С началом войны оппозиционность и пацифизм либералов сменились страстным патриотизмом, они в полной мере поддержали цели войны, включая усиление российского влияния на Балканах, захват проливов, приращение территорий, коль скоро за победу в любом случае придется заплатить огромную цену. Кадеты и прогрессисты были в первых рядах создателей и руководителей Всероссийских Земского и Городского союзов.
Но уже в 1914 году появились противники союза с правительством.
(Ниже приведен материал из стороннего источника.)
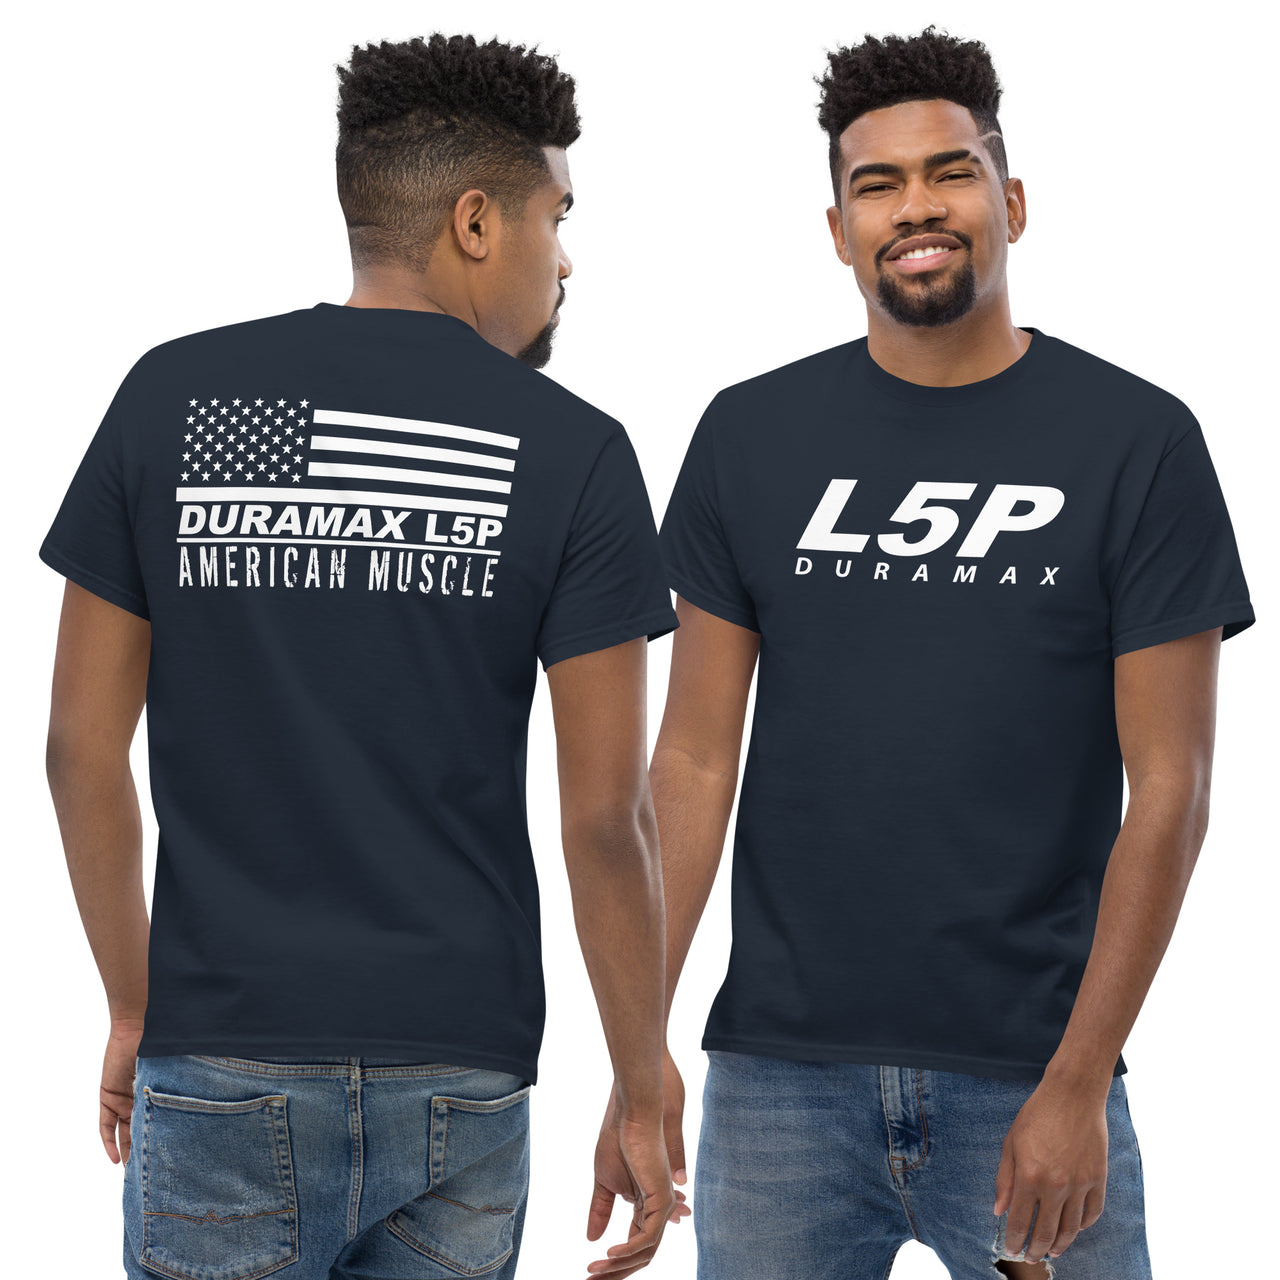 L5P Duramax Shirt Mens Diesel Truck Shirt modeled in navy

На заседании кадетского ЦК Родичев воскликнул: «Да неужели вы думаете, что с этими дураками можно победить»[643]. Во внутрипартийных дискуссиях все больше занимали темы, связанные с изменой и распутинщиной. «За счет царя с этого времени на первый план выдвинулась царица, — излагал Милюков свое видение внутриполитических раскладов. — …Двор замыкался в пределы апартаментов царицы и «маленького домика» верной, но глупой подруги царицы Анны Вырубовой. Над ними двумя царил Распутин, а около этого центрального светила группировались кружки проходимцев и аферистов, боровшихся за влияние на Распутина — и грызшихся между собой»[644]. Именно Милюков вновь вернется к идее формирования большой оппозиционной коалиции, которая обсуждалась еще до войны и найдет свое воплощение в созданном под его руководством Прогрессивном блоке, куда войдут и кадеты, и прогрессисты.
Но при этом Милюков оказался сам в тяжелом положении внутри собственной партии, где на него стали смотреть как на примиренца и ярого монархиста. Столичные охранные отделения, активно следившие в 1915 году за шедшими одна за другой кадетскими конференциями, констатировали размежевание партии на три противостоящих течения, причем Милюков занял «правую позицию, — как острят теперь кадеты, — «улнеправительственную». В чувстве юмора им действительно не откажешь, потому что позиция правого крыла в донесении спецслужб по итогам конференции в июне была передана следующим образом: «Задачи означенного течения депутат Государственной думы Милюков определяет стремлениями «совершить мирную революцию за спиною и с санкции самого правительства, усыпив бдительность правящих органов последнего внешними и чисто показными изъявлениями верноподданнического образа мысли кадет»». Второе течение, по тому же источнику, «протестует против сотрудничества кадет с правыми элементами и правительством, настаивает на необходимости разрыва думского блока с правыми депутатами, добивается выхода кадет из различных комиссий и совещаний по вопросам военного снабжения и требует выступлений в защиту положения евреев». Такую позицию занимали члены ЦК Некрасов, Кизеветтер, адвокат Мандельштам, настаивавшие также на максимальном сближении с трудовиками и социал-демократами. Наконец, третье течение исходило из необходимости «широкой работы в народных массах, на почве развивающегося ныне усиленного кооперативного движения, и допуском в своей тактике нелегальных приемов борьбы, как, например: выпуска нелегальной агитационной литературы, подготовки и организации различного рода бойкотов, демонстраций и даже забастовок»[645]. Сторонники уличных действий представляли в основном провинциальные города и земства.